**THE DATA**
###

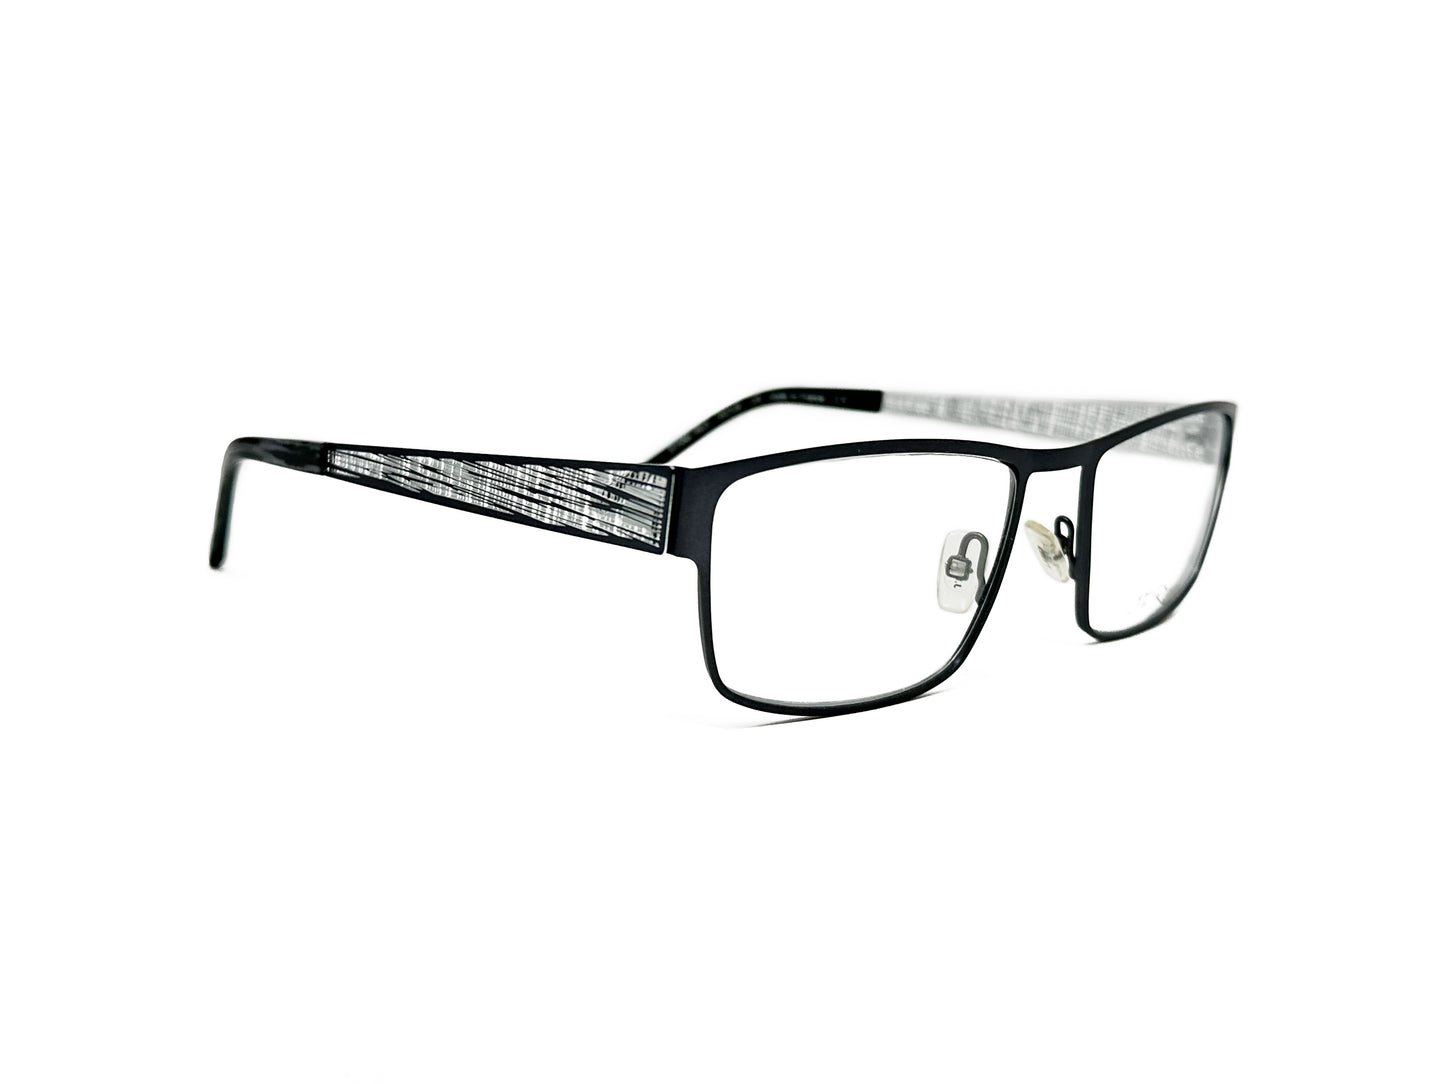 JF Rey rectangular, metal, optical frame with linen pattern cutout on temples. Model: JF2586. Color: 0513 - Black. Side view.
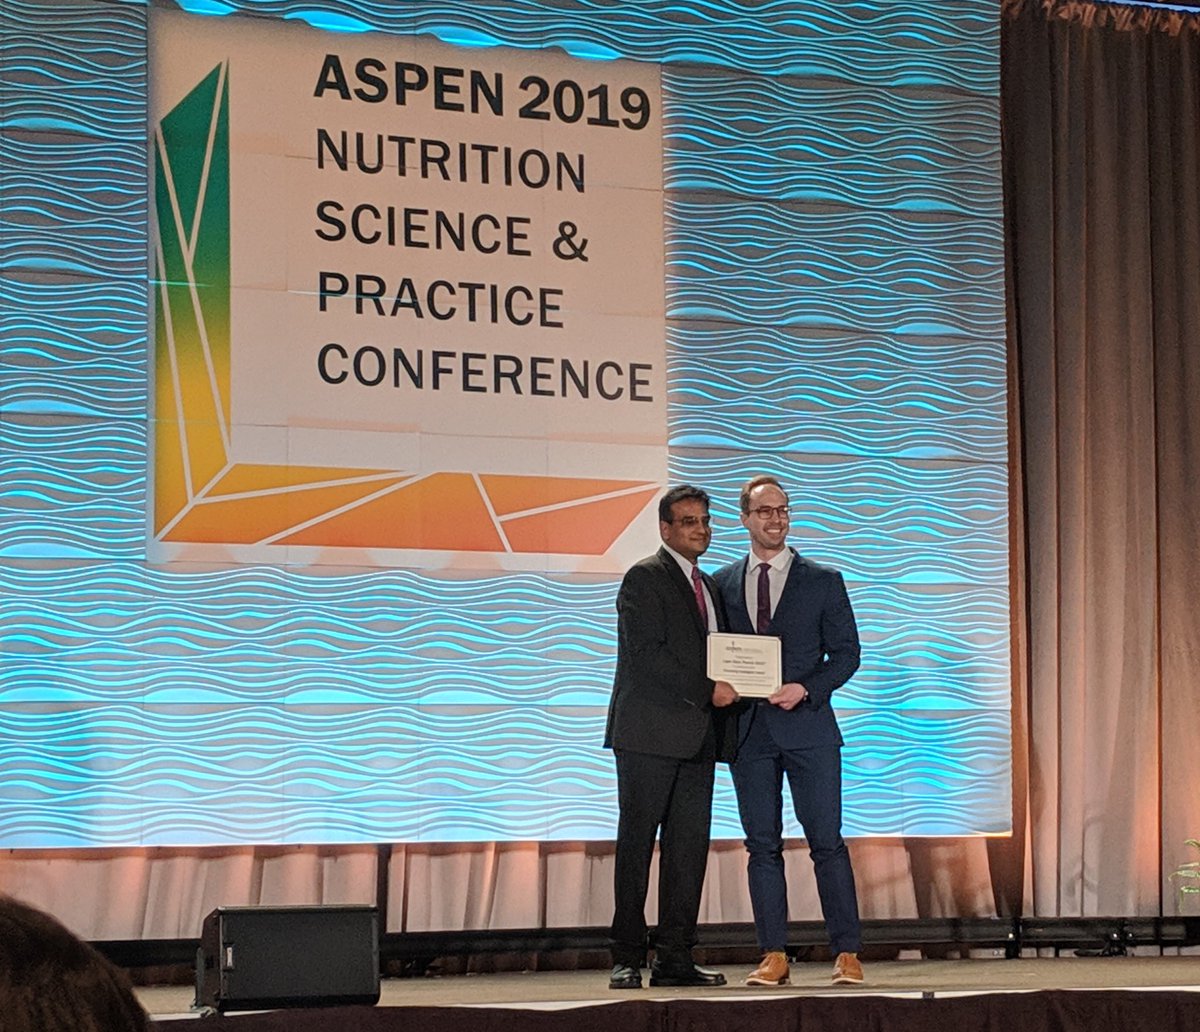 Logan and I thought to study trace element contamination in TPN as a side project during residency and were able to secure funding. He recently presented results at the #ASPEN2019 conference and won the Promising New Investigator award! #parenteralnutrition #nutritionpharm #BCNSP
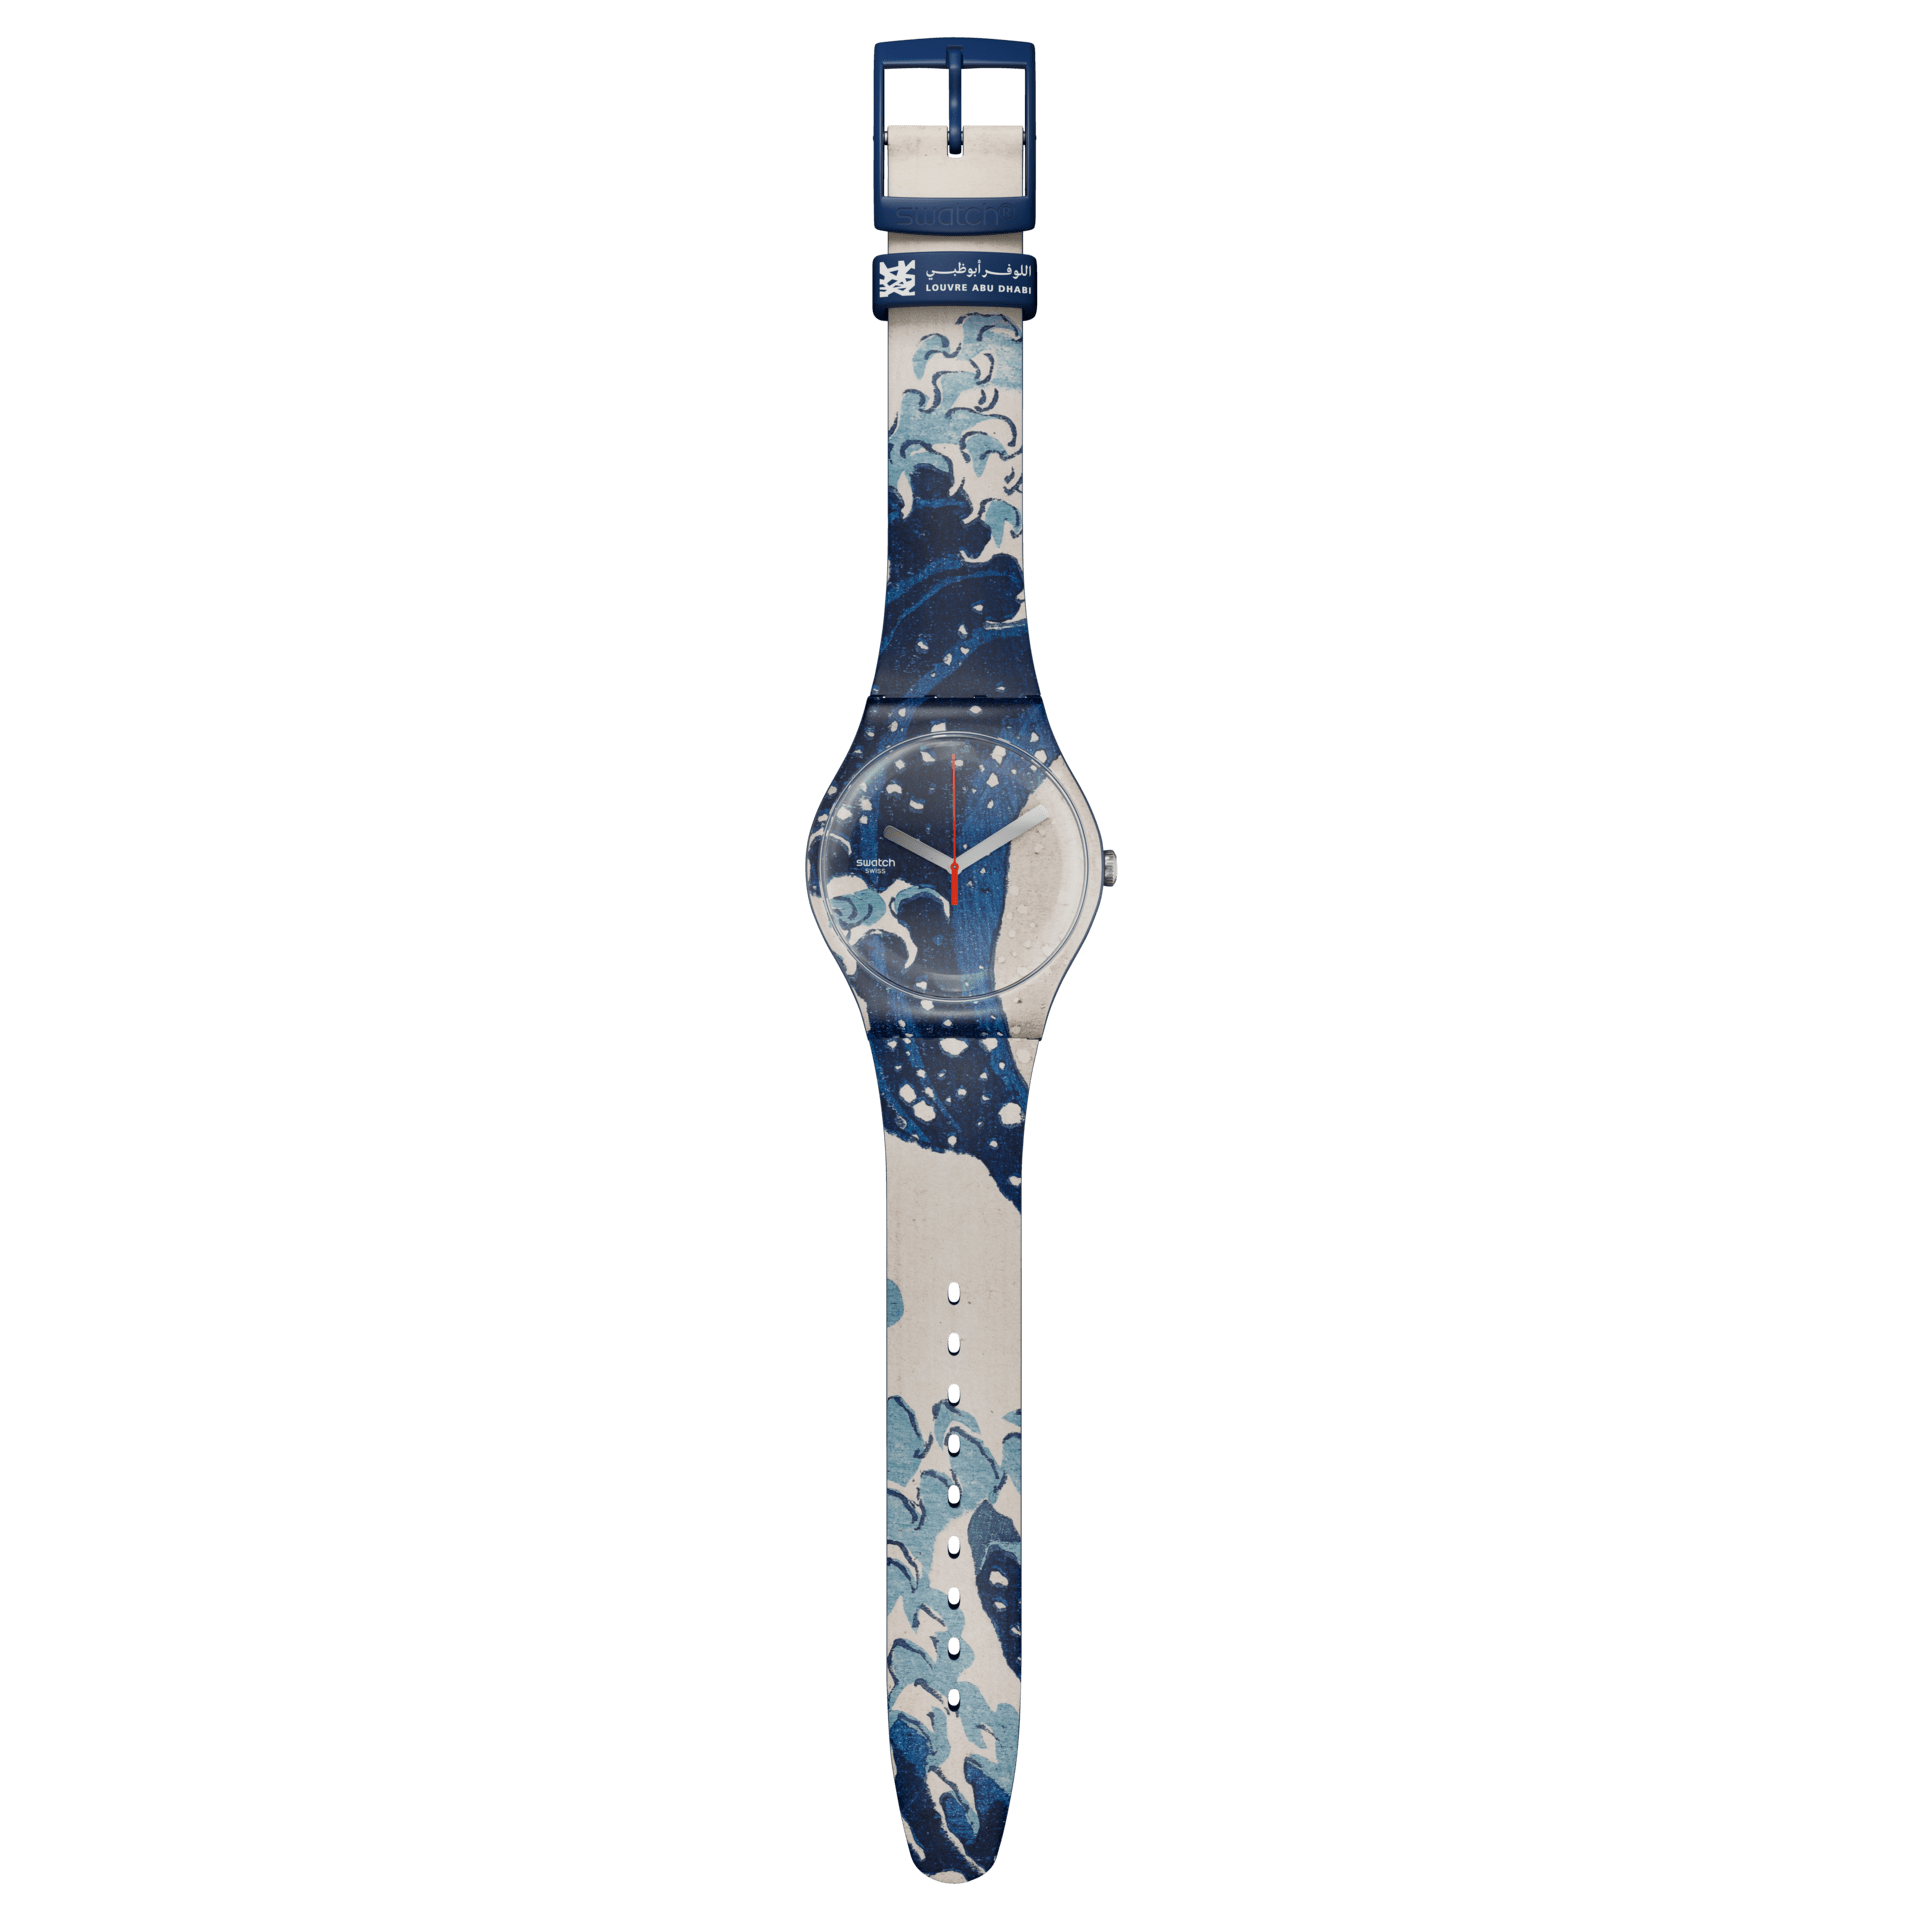 "THE GREAT WAVE BY HOKUSAI & ASTROLABE" Gallery Image #2

###

**WORK TO BE COMPLETED**
Retyping is limited to the line with "Logan and I" and the lines after it in the material above; give them exactly and leave out the pictures.

**RESULT OF THIS EXERCISE**
 Logan and I thought to study trace element contamination in TPN as a side project during residency and were able to secure funding. He recently presented results at the #ASPEN2019 conference and won the Promising New Investigator award! #parenteralnutrition #nutritionpharm #BCNSP
 "THE GREAT WAVE BY HOKUSAI & ASTROLABE" Gallery Image #2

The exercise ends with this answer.